It’s possible those shifts could situate Gov. Andy Beshear in a higher political office, with some chatter of him teaming up with Vice President Kamala Harris if she were to replace Biden on the top of the Democratic ticket.

Biden stepping aside seemed highly unlikely for a long time, but the chorus of people calling for Biden to step aside has grown louder this week. And it’s not just the media bubble – national polls from the New York Times showed 74% of voters think Biden is too old for the job of president, and another from the Wall Street Journal had that rate at 80%.

Amid the bad political news for the sitting president, Beshear will be among a group of more than 20 Democratic governors planning to meet with the president Wednesday evening. They’ve got concerns about how the president is doing, according to Beshear’s recent interview with CNN’s Pamela Brown about the matter.

Brown also noted that “allies of Vice President Harris are floating your name as a potential running mate option for her.”

Beshear himself did not recoil from the suggestion that he could be Harris’ running mate.

So, how did he get here?

Political wins

John Morgan of Morgan & Morgan leads the biggest personal injury law firm in the world. His company’s whole selling point is helping clients win their cases.

In Beshear, for whom he and his firm have raised heaps of campaign funds, Morgan sees a winner.

“When the governors meet the President today… I pray the campaign listens carefully to Andy Beshear. He is the only democrat to win TWICE, in a very RED state,” Morgan posted to social media site X.

Beyond the donor class, Beshear’s electoral record in Red America may attract party higher-ups and others in Washington.

He won by razor-thin margins in 2015 to claim his place as the state’s attorney general, and then in 2019 against one of the least popular governors in America in Matt Bevin.

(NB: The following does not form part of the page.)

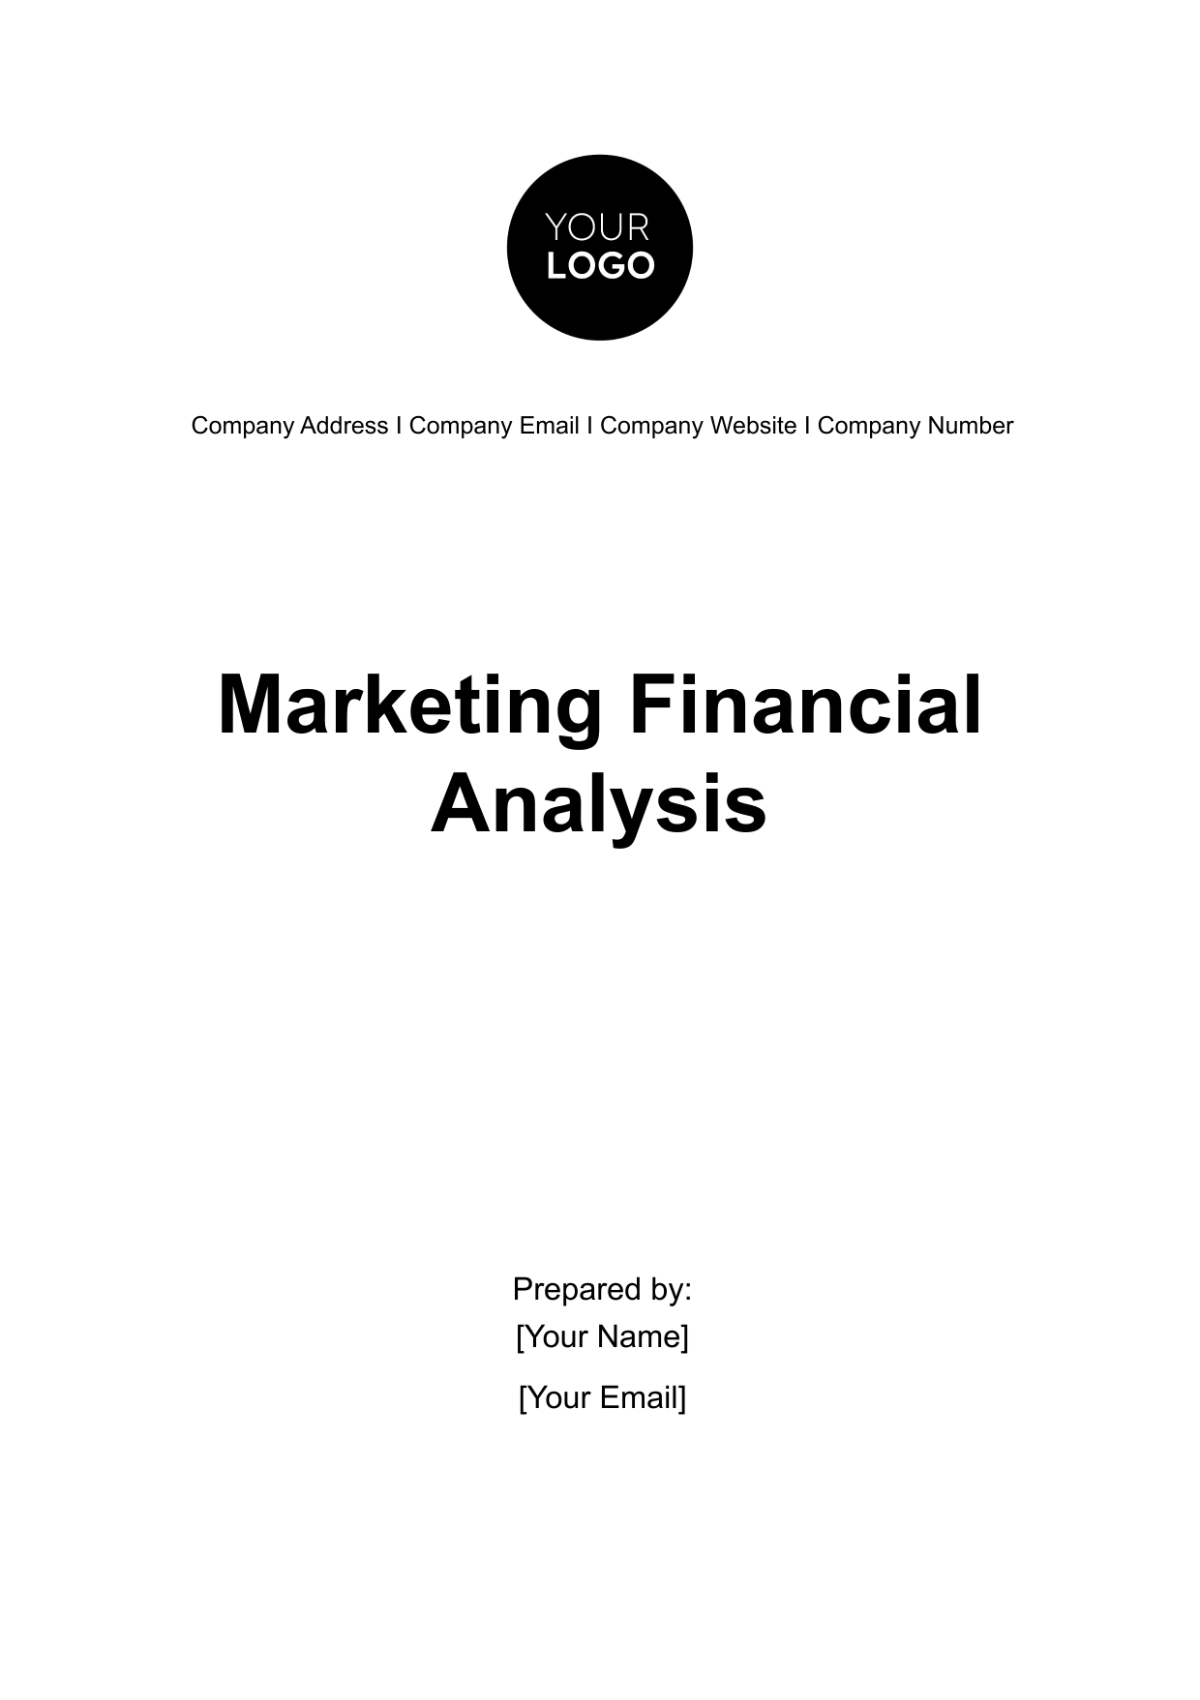 Marketing Financial Analysis Template

But this past year, Beshear beat former Republican Attorney General Daniel Cameron by five percentage points, an impressive margin in a state that handed former president and current GOP presidential nominee Donald Trump a 26-point win in 2020.

Republican Secretary of State Michael Adams, a keen observer of electoral results in the state, is no Beshear fan. Still, he spoke with admiration of the governor’s ability to build a bipartisan brand that can pick off voters from the other side.

“This is a guy who won the votes of one out of eight Republican voters last year,” Adams said. “I’m sure that got the attention of national Democrats, as you don’t see a lot of ticket-splitting nationally. Right now, people are so polarized they’re just going to vote how they’re going to vote, and here’s a guy that’s managed to pick off Republican voters in a conservative state.”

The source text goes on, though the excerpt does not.